It was amazing. Fixed. But amazingm


----------



## HitOrGetHit

LOL at Kimbo thinking he evolved. His takedown defense is James Toney level and any fighter under the age of 112 years old finishes that choke.


----------



## LizaG

lol at Ken not getting that choke! WTF was that?


----------



## Life B Ez

CupCake said:


> lol at Ken not getting that choke! WTF was that?


That was Ken cashing a paycheck and not wanting his kneecaps broken.

Hahahahahahahah Kimbo "I been in that position before" lmao like that was some unique spot hahaha.


----------



## LizaG

lol Ken does get paid to make terrible people look better.


----------



## boatoar

roflmfao - oh boy. I hate using those acronyms, but that took the cake. 

Kimboooo!

Hahaha. I mean, part of me wants to believe a 51 year old shamrock just couldn't finish the choke against that iron neck of thug Slice, but the logical part of me feels like that choke could be finished in his sleep 1000000 times out of 1000000 

Dat gash though. haha


----------



## Andrus

I was scared once the choke was in that it was gonna be over. Thank god it wasn't. Kimbo is back!


----------



## M.C

Kimbo looked very impressive. It's extremely difficult to get out of a Sham choke like that, the acting skill it requires to make it look even remotely real is pretty high.

Seriously though, that fight was atrocious and embarrassing.


----------



## No_Mercy

sigh...lolz


----------



## Atilak

That fight was amazing! Kimbo is in great shape. He will be in UFC soon and getting that strap! What a fighter.

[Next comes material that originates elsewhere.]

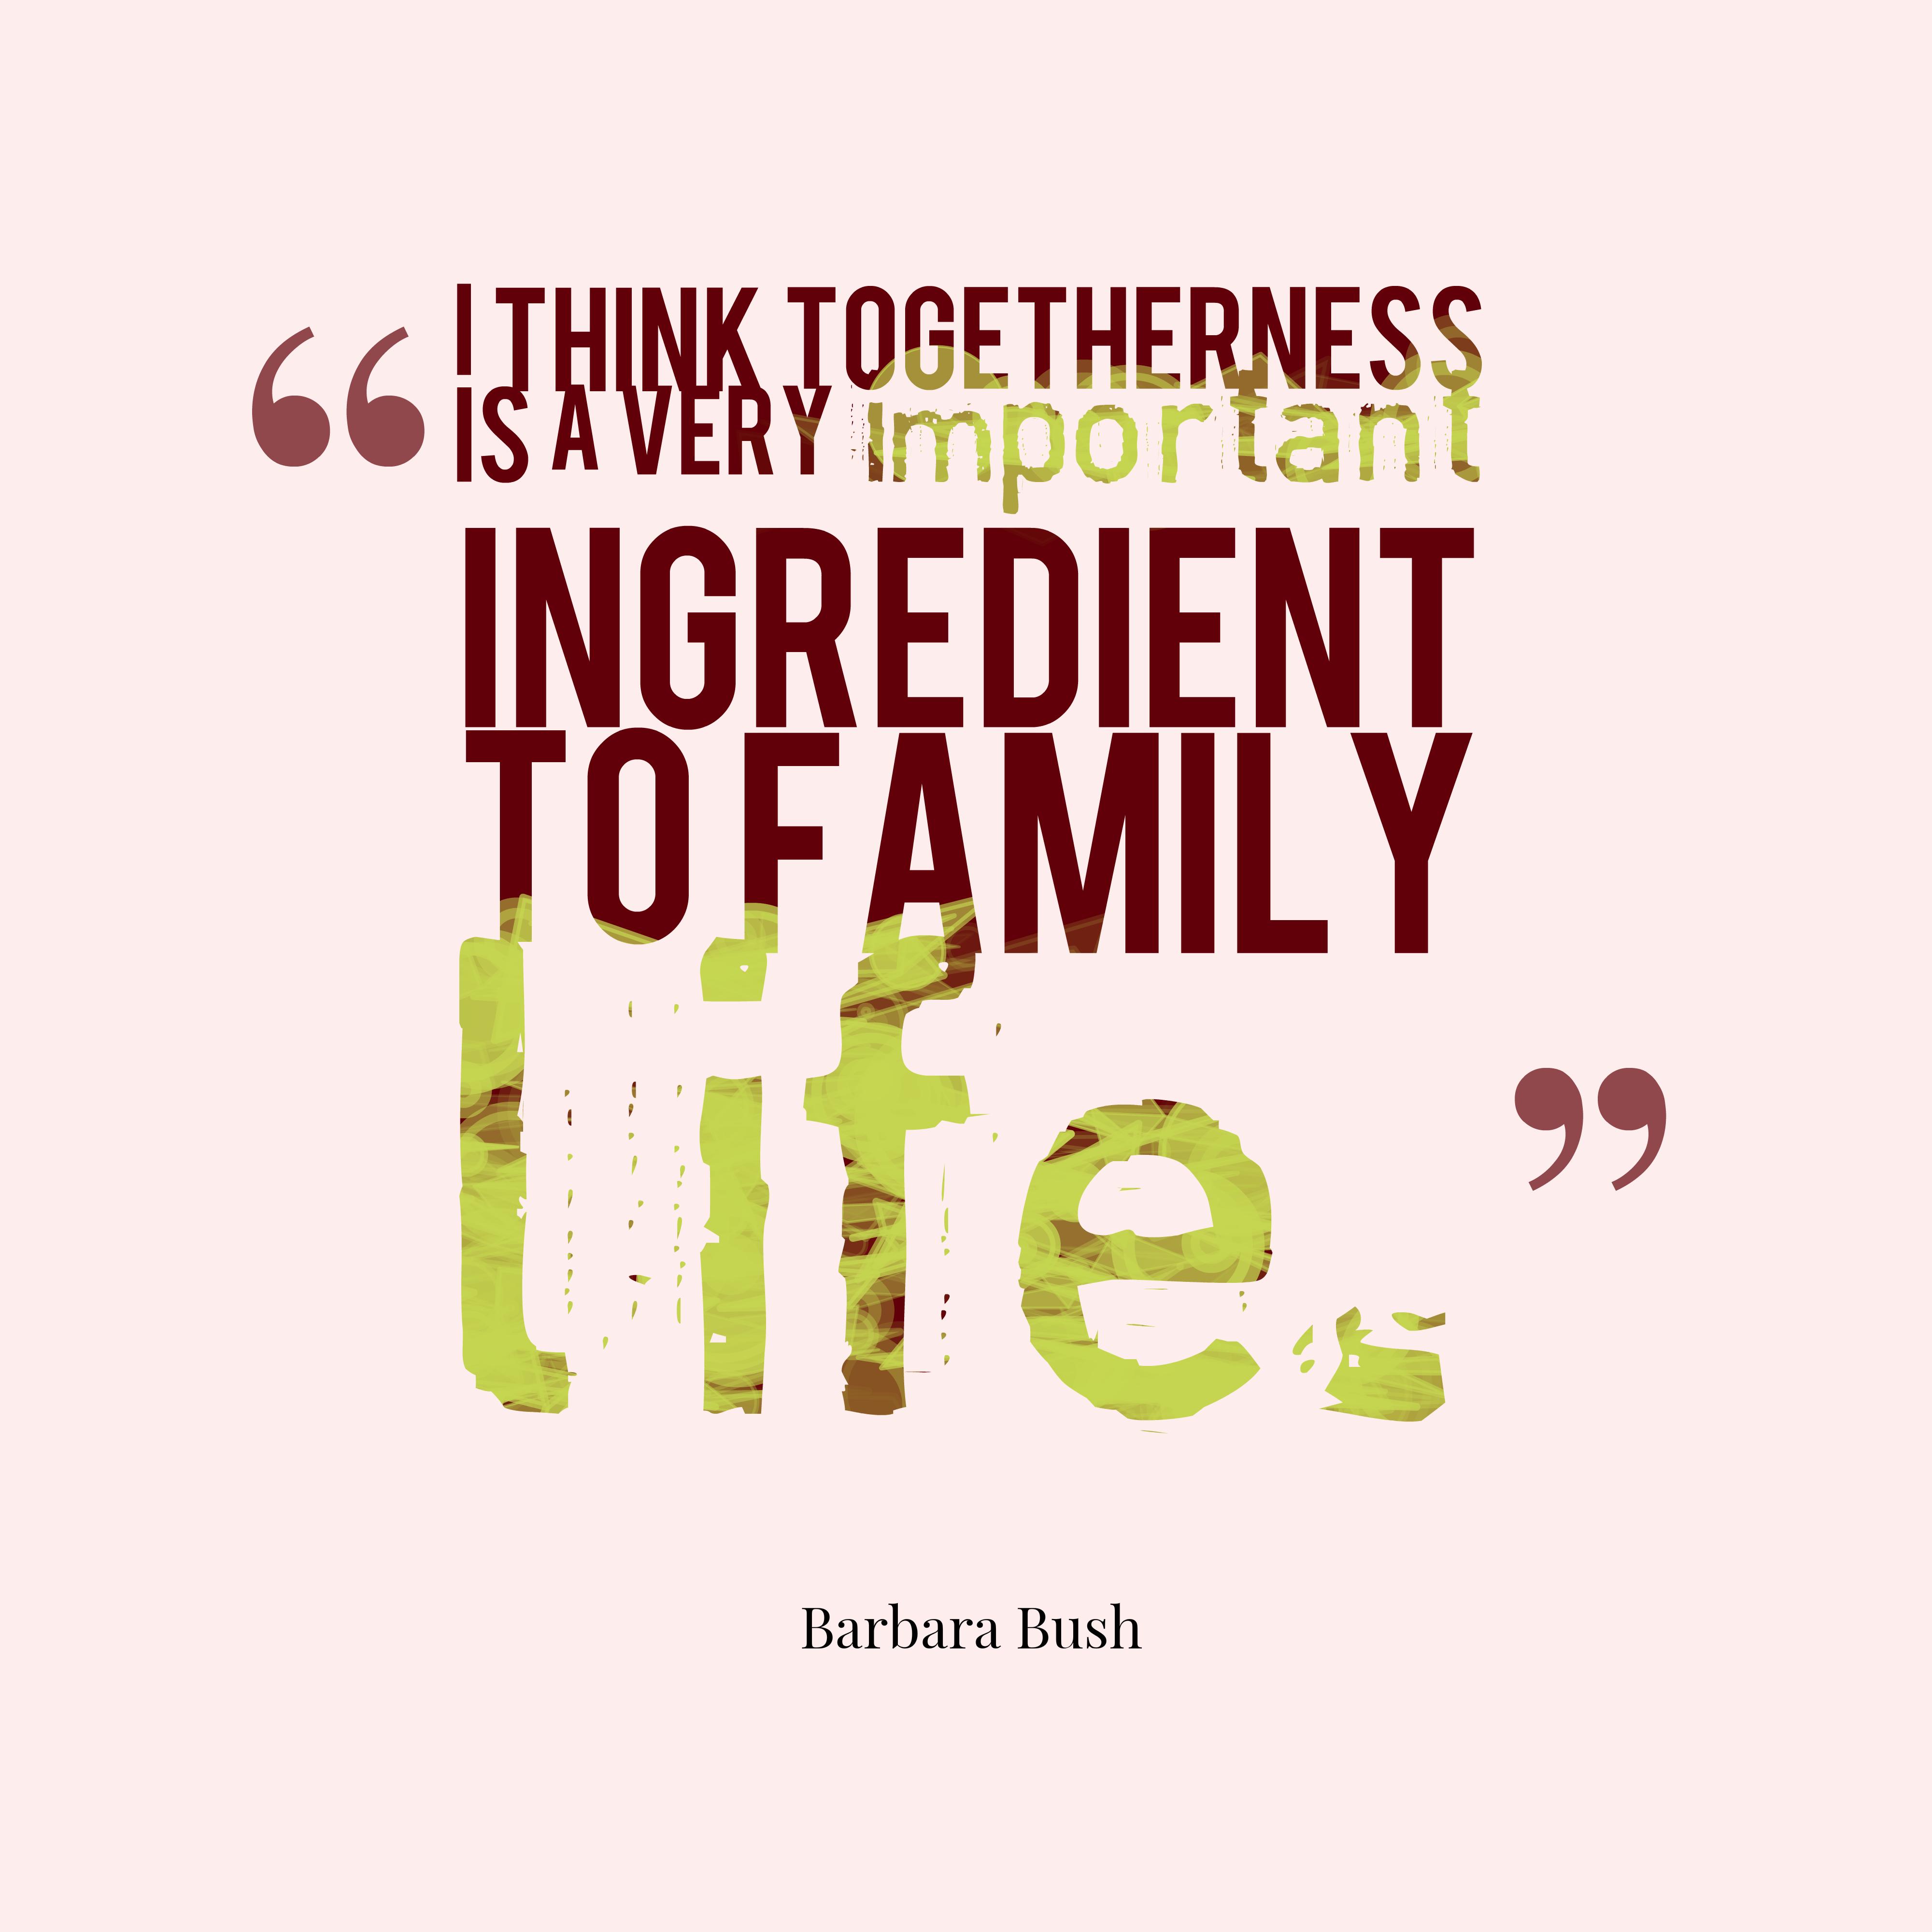 Barbara Bush quote about family.

Roided Ken, Kimbo going to be Big country Kimbo, fixed as ****. This was kinda disgrace to mma.


----------



## oldfan

Ken should be embarrassed but I don't think he feels any shame.

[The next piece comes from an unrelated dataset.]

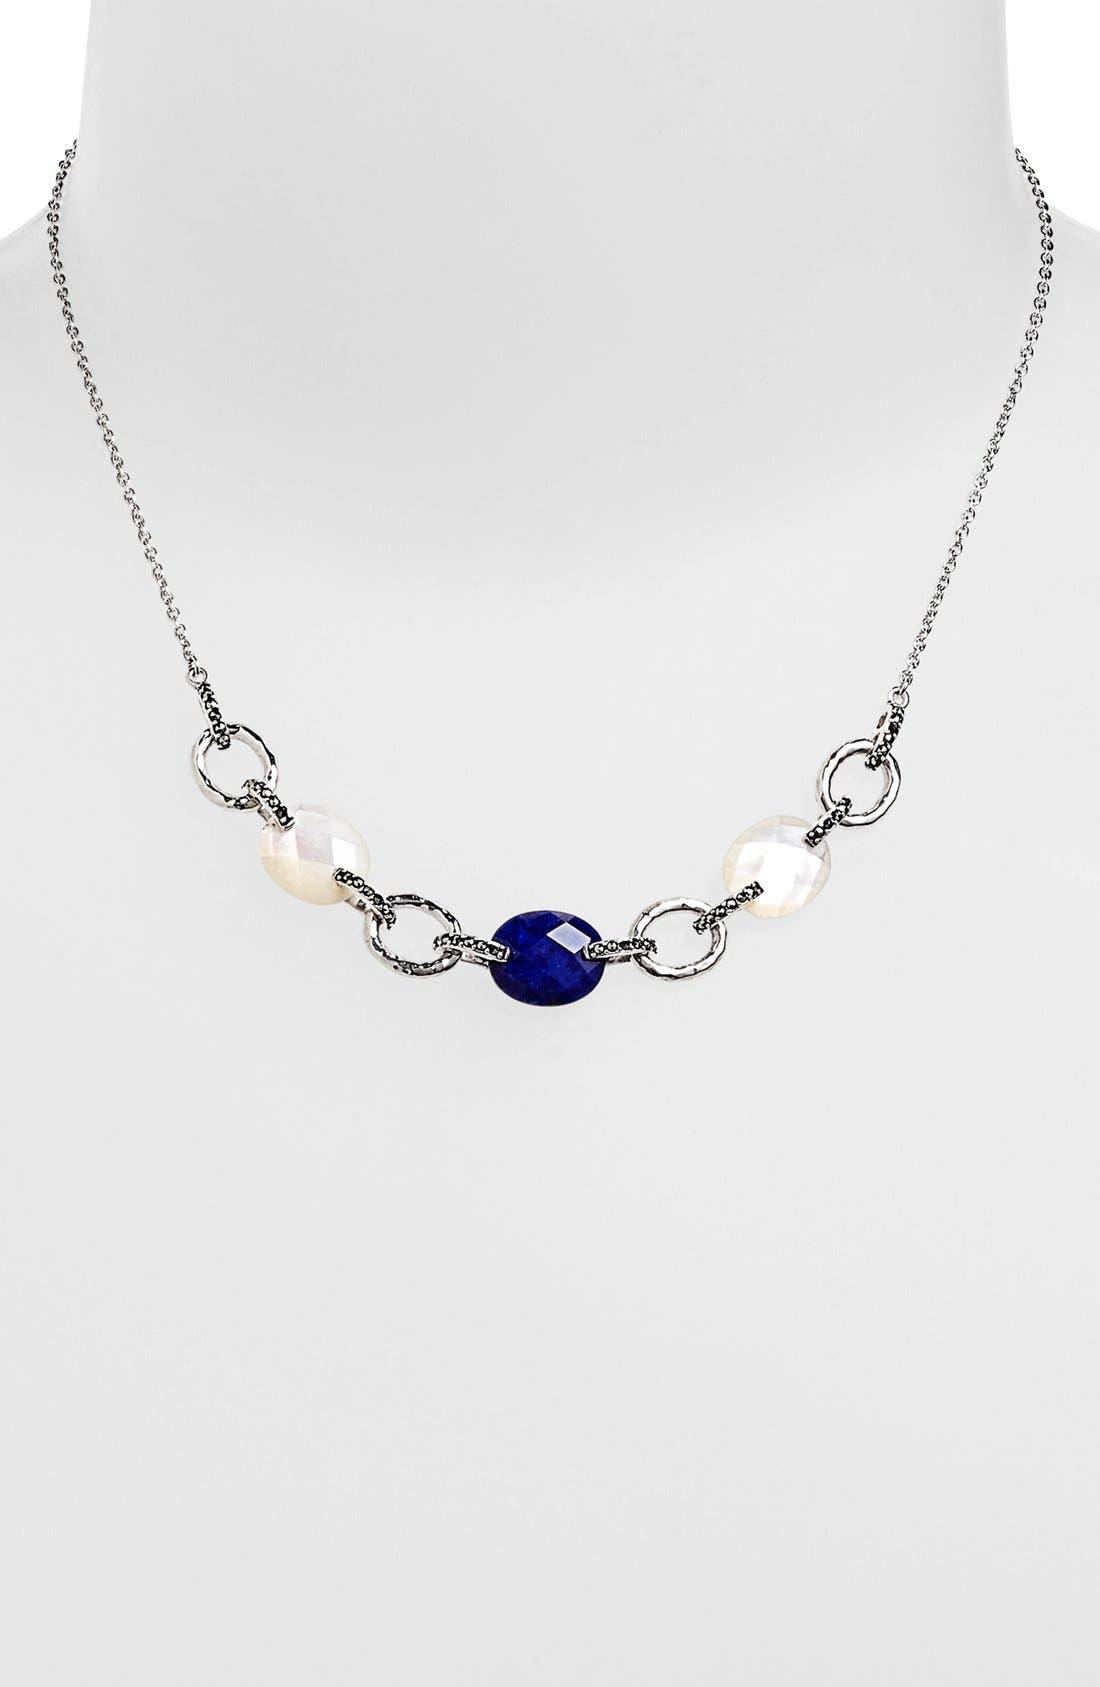 Alternate Image 1 Selected - Judith Jack 'Blue Sky' Multi Stone Frontal Necklace

.....Me, on the other hand, I bet on him ....:shame02::shame01: ...double bag please


----------



## UrbanBounca

oldfan said:


> Ken should be embarrassed but I don't think he feels any shame.
> 
> .....Me, on the other hand, I bet on him ....:shame02::shame01: ...double bag please


He won't feel any shame simply because he's too old to care anymore. He'll take an easy check, and throw a fight. It's a shame that's the direction MMA has taken, which is also the reason I quit watching consistently more than a year ago.

The UFC and Bellator are the only big boys left in town, correct? Bellator just threw all their credibility out after watching a street thug beat a man with 30+ years legitimate experience. Not only that, but it was the way it went down. Ken Shamrock has a RNC, locked, and Kimbo Slice manages to flop out of it? You'll never see me watch another Bellator fight, I can assure you of that.


----------



## HitOrGetHit

UrbanBounca said:


> He won't feel any shame simply because he's too old to care anymore. He'll take an easy check, and throw a fight. It's a shame that's the direction MMA has taken, which is also the reason I quit watching consistently more than a year ago.
> 
> The UFC and Bellator are the only big boys left in town, correct? Bellator just threw all their credibility out after watching a street thug beat a man with 30+ years legitimate experience. Not only that, but it was the way it went down. Ken Shamrock has a RNC, locked, and Kimbo Slice manages to flop out of it? You'll never see me watch another Bellator fight, I can assure you of that.


Bellator still has some really good talent, they just get overshadowed with weird fights like this.

Pitbull, Chandler, Curran, Lima, Brooks, Dantas, Warren, Straus, Daley, MVP, Schlemenko, Manhoef, Phil Davis off the top of my head.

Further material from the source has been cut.